The Obama administration, however, has done absolutely nothing that contravenes the direct interests of the most parasitic sections of finance capital.
This policy has devastating social consequences for the population as a whole. “Even as growth starts to turn positive,” Geithner said, “unemployment is going to keep on increasing for a while, and it’s not going to feel better for millions of Americans.”
“You have to convince people now that…we are going to have to get back to living within our means, and that’s going to require…people…to stop doing things they’ve been doing, give up things that we don’t want to give up.” In short, the recovery of the stock market and the profits of the super-rich will coincide with a permanent reduction in working class living standards.
This question was posed explicitly in relation to the budget crisis facing states and municipalities, which is resulting in devastating cuts in social services and mass layoffs of public workers. When the interviewer asked whether Geithner would be in favor of “direct federal bailouts to states,” Geithner said very explicitly: “I wouldn’t use the word ‘bailout’ or ‘federal.’ ”

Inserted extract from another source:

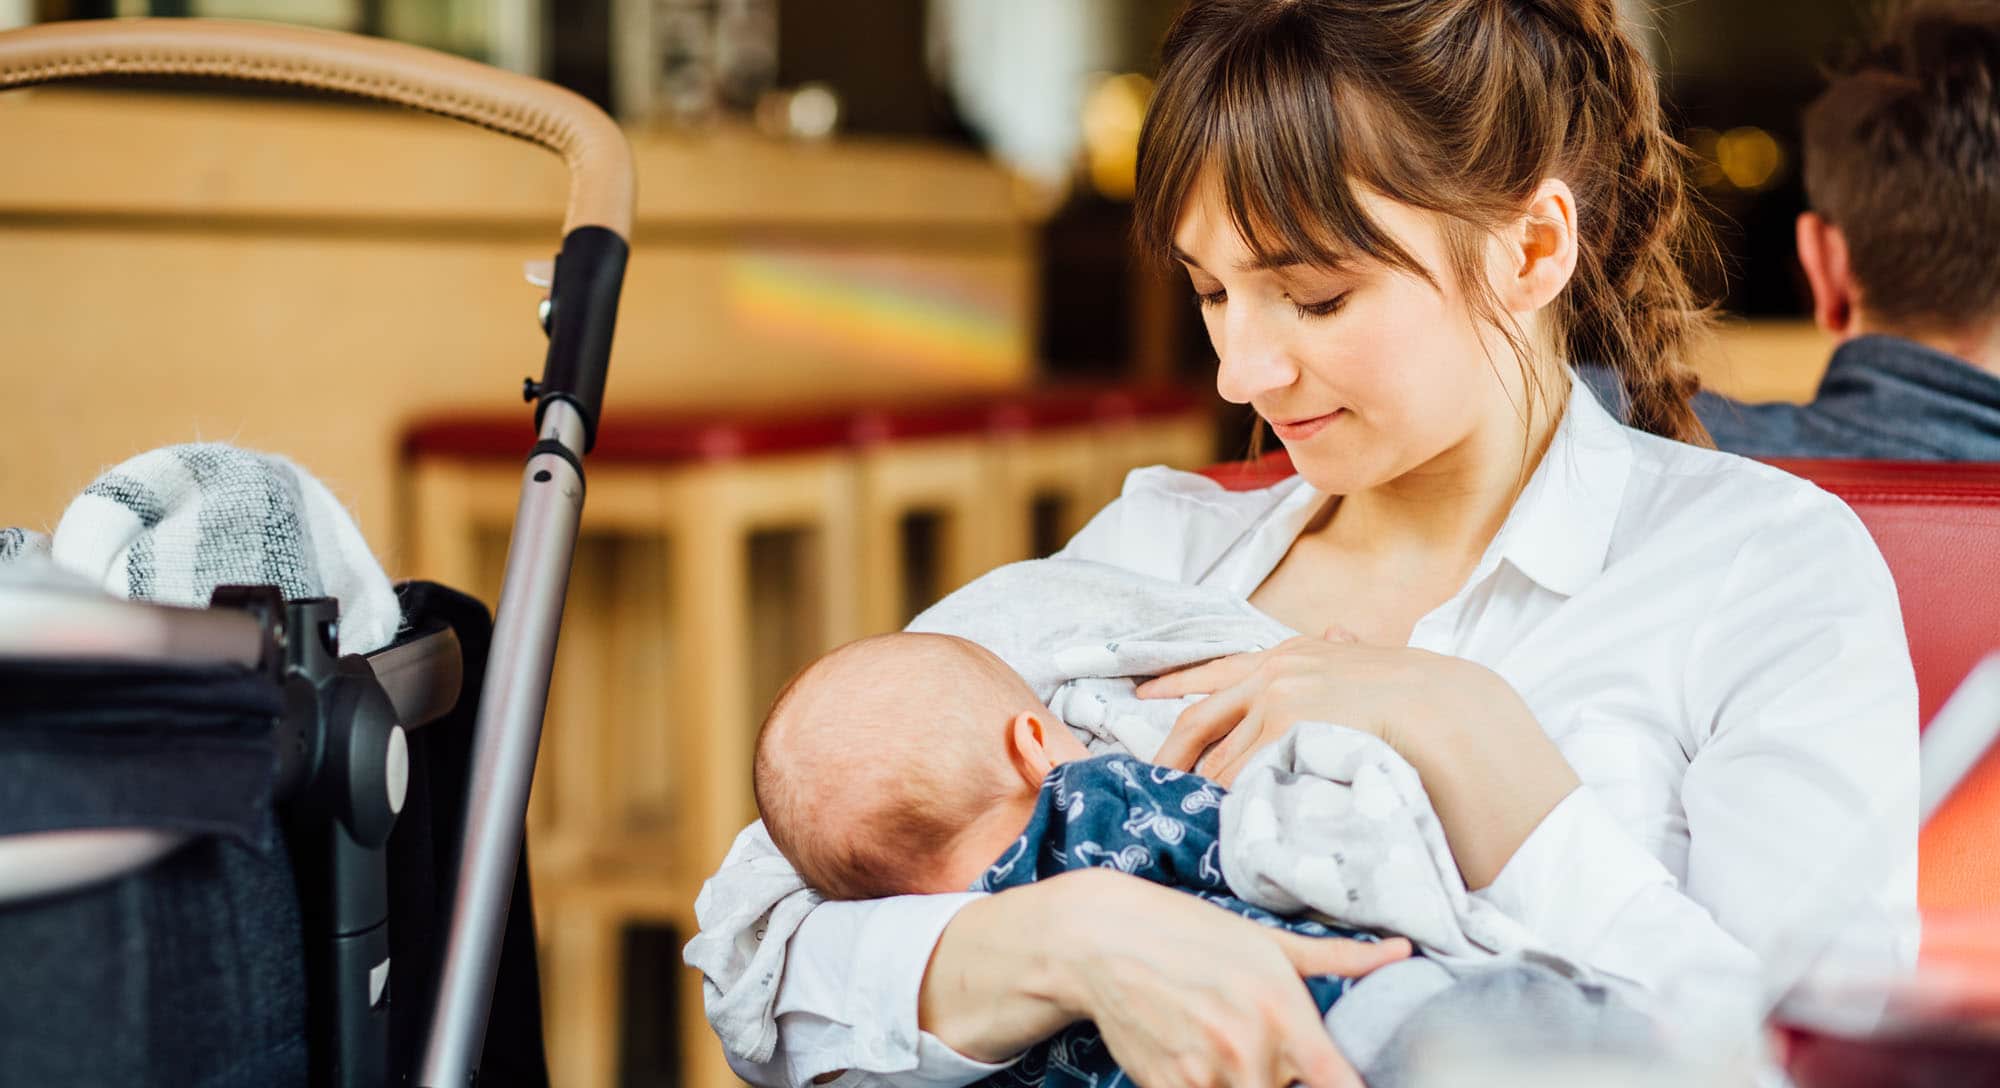 breastfeeding - The 17 Secrets of Breastfeeding Every New Mom Should Know

He added, “A lot is going to depend on [states’] ability to put in place reforms that will restore their creditworthiness.” In other words, while handing trillions to the Wall Street banks, the federal government will demand that the states carry out austerity measures and slash education, health care and other vitally needed social programs.
Thus the proposals made by Geithner in his interview can be summed up as follows: 1. No caps on executive pay. 2. No bans on any sort of financial activity, no matter how reckless or destructive. 3. A reduced standard of living for ordinary people.
Every political program represents a social class, and the one spelled out above is that of finance capital. On every point, the Obama administration stands as the champion of Wall Street in opposition to the working class.